Task to carry out -> The entries below contain pictures, which are to be left out; write out exactly, and only, the lines from the line with "Architectural Close up" up to and including the line with "(C71) [Behind Moon".

Data for analysis ->
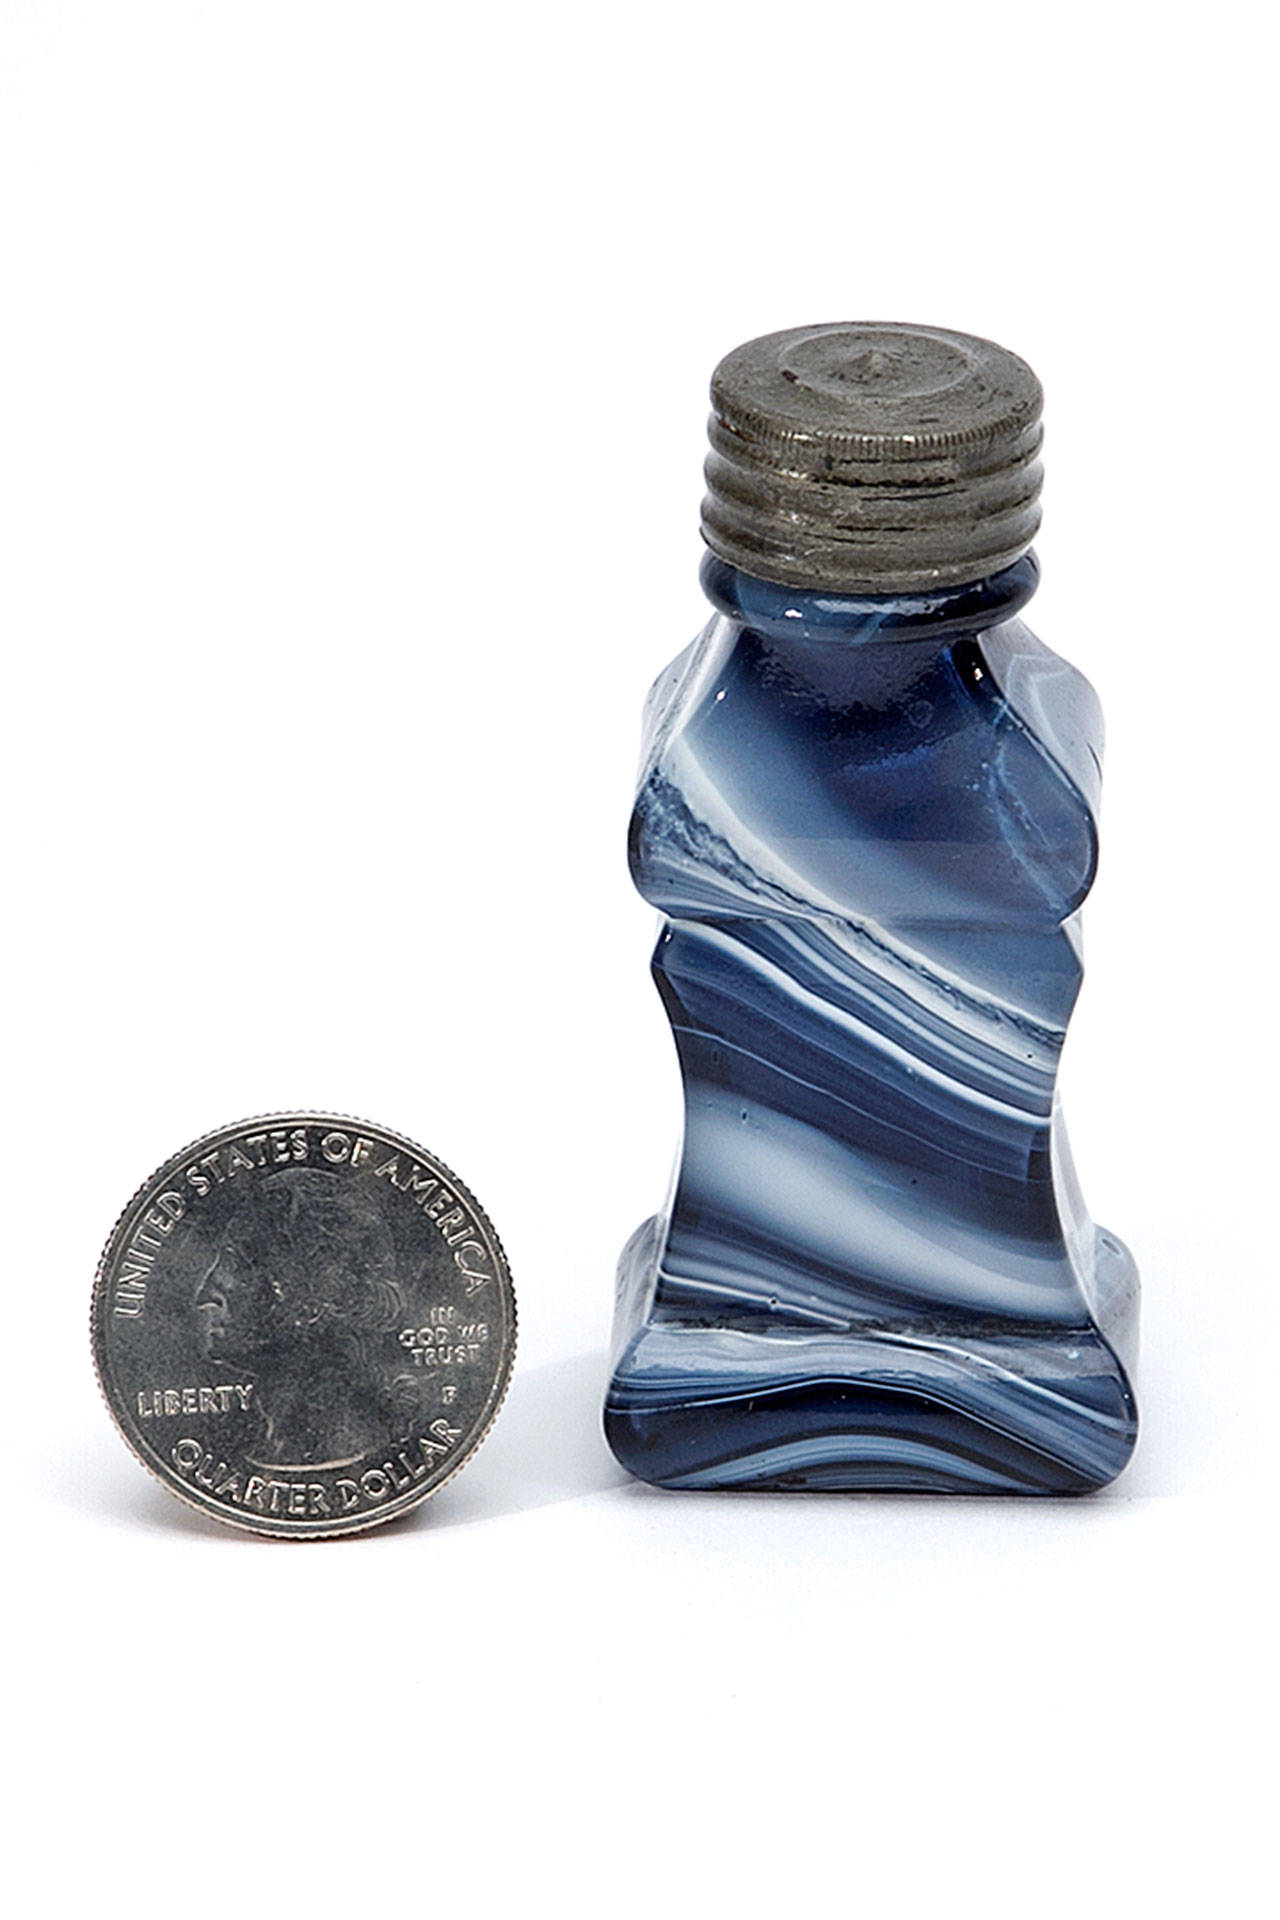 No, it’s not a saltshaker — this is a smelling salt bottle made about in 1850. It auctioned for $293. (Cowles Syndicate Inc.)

==

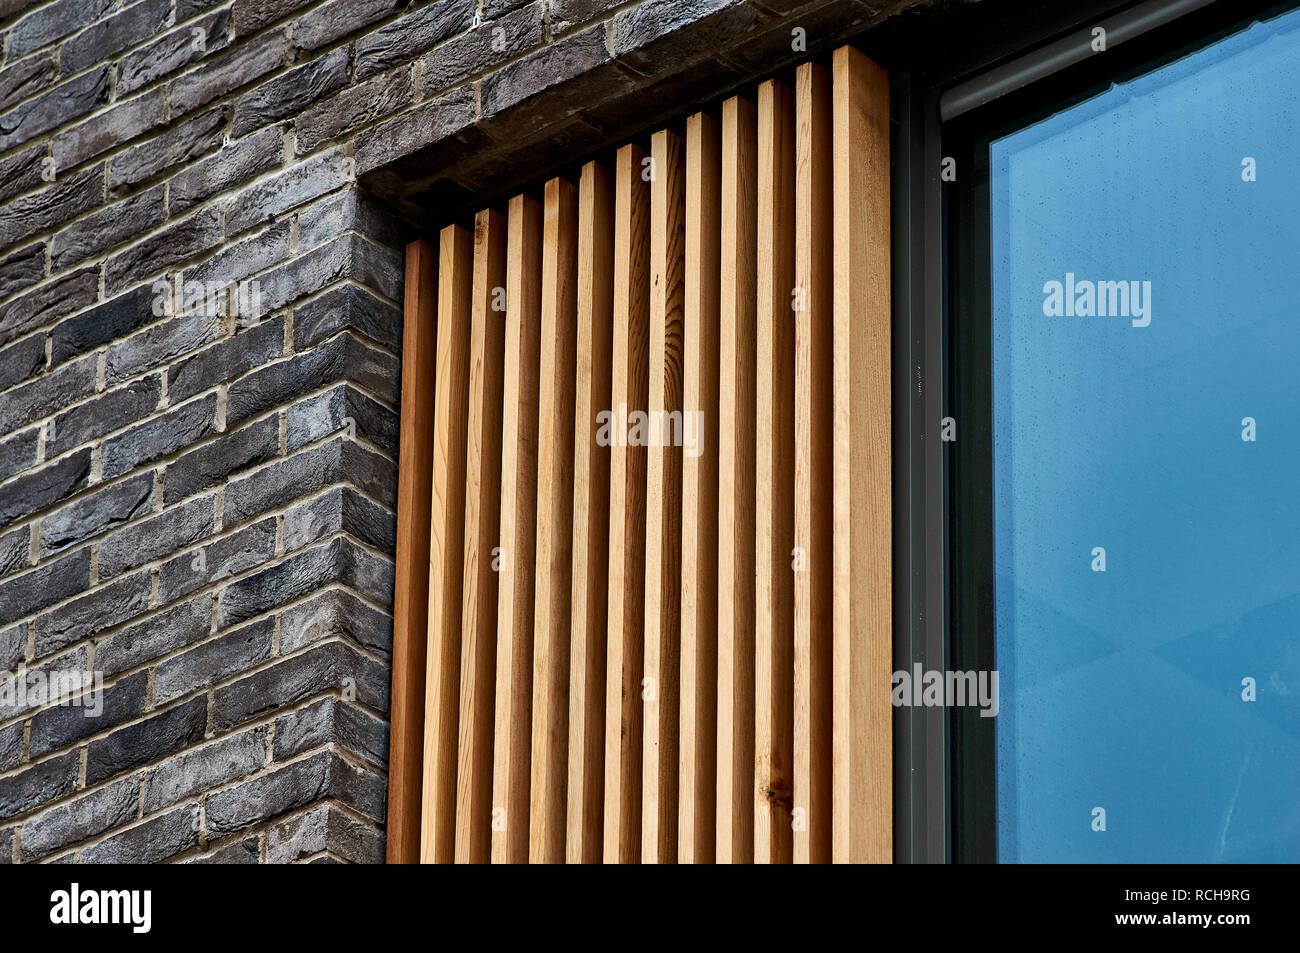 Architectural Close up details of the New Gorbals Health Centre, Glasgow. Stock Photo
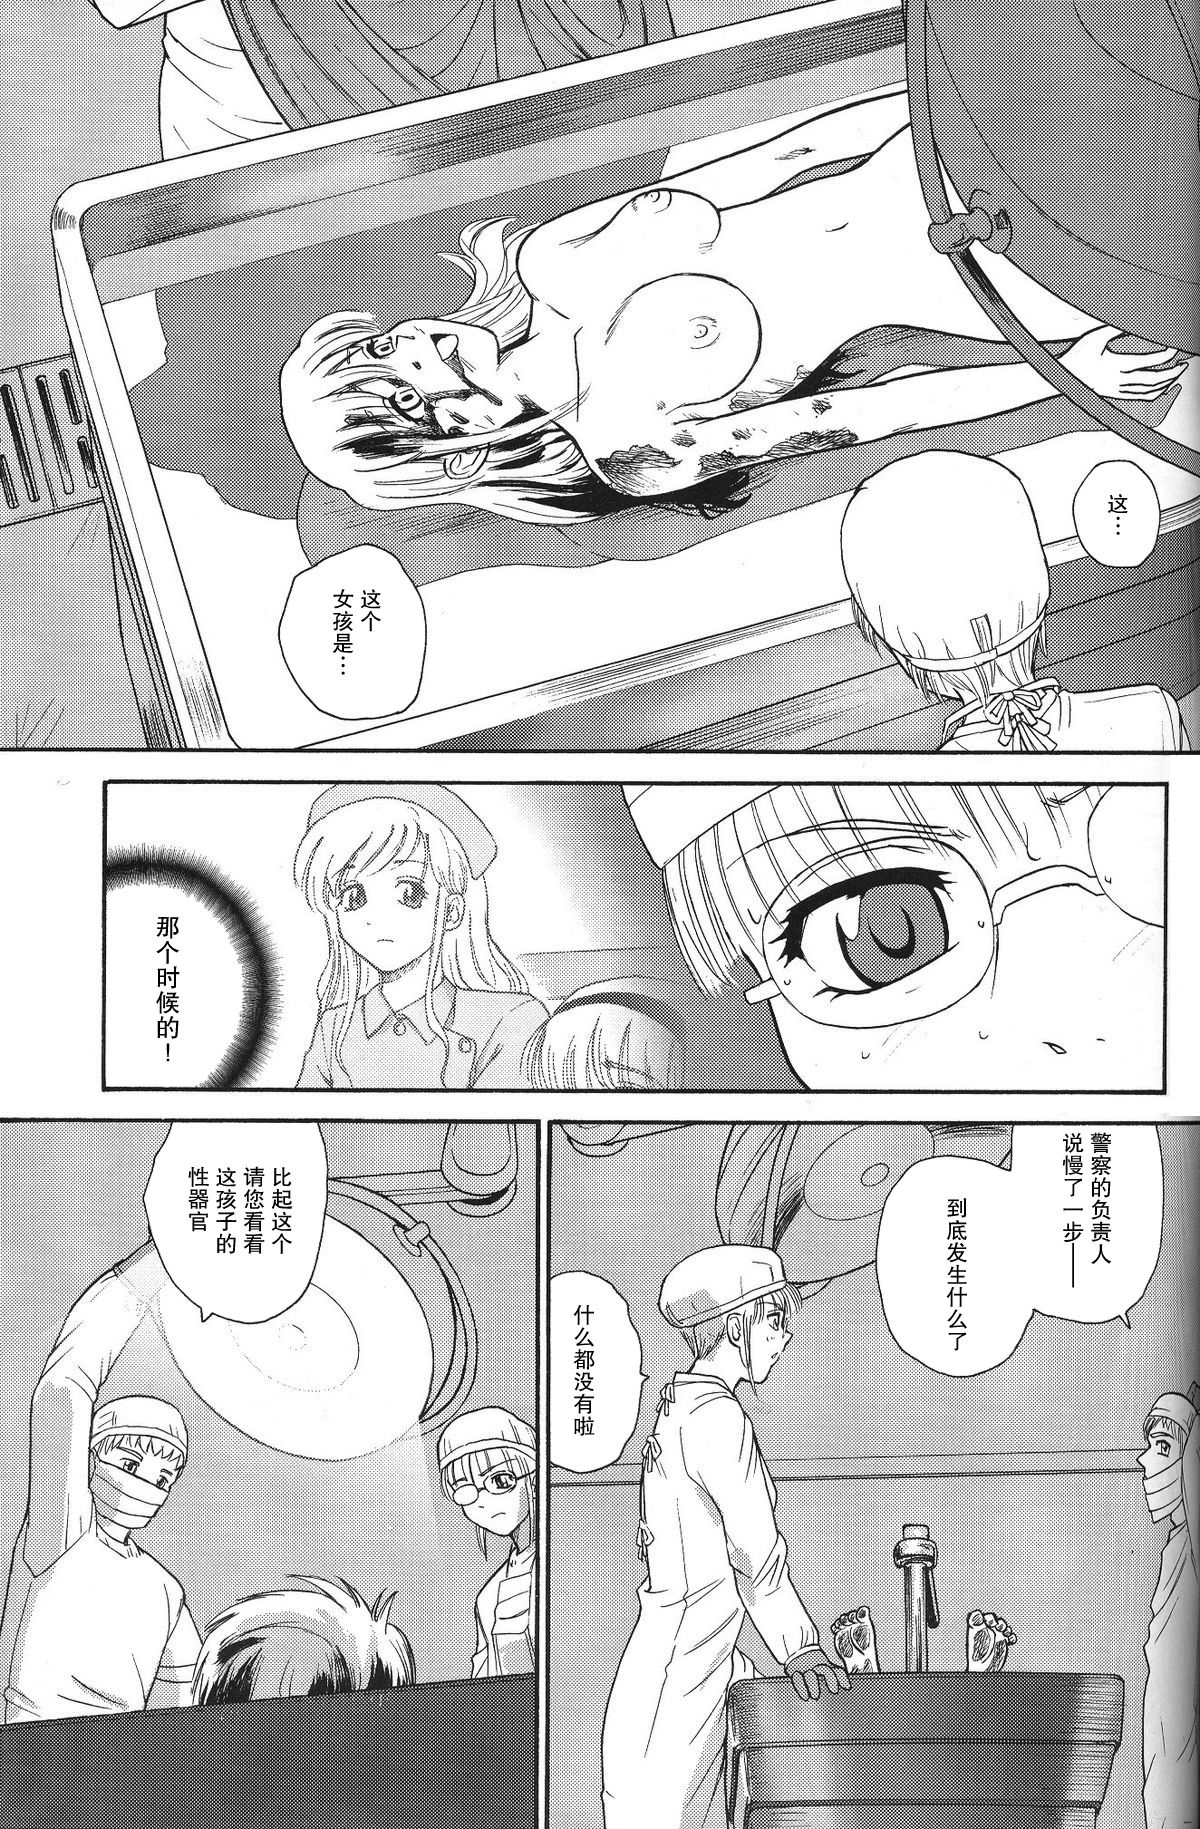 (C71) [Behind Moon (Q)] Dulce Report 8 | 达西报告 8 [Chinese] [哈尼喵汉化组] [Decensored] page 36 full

Output ->
 Architectural Close up details of the New Gorbals Health Centre, Glasgow. Stock Photo
 (C71) [Behind Moon (Q)] Dulce Report 8 | 达西报告 8 [Chinese] [哈尼喵汉化组] [Decensored] page 36 full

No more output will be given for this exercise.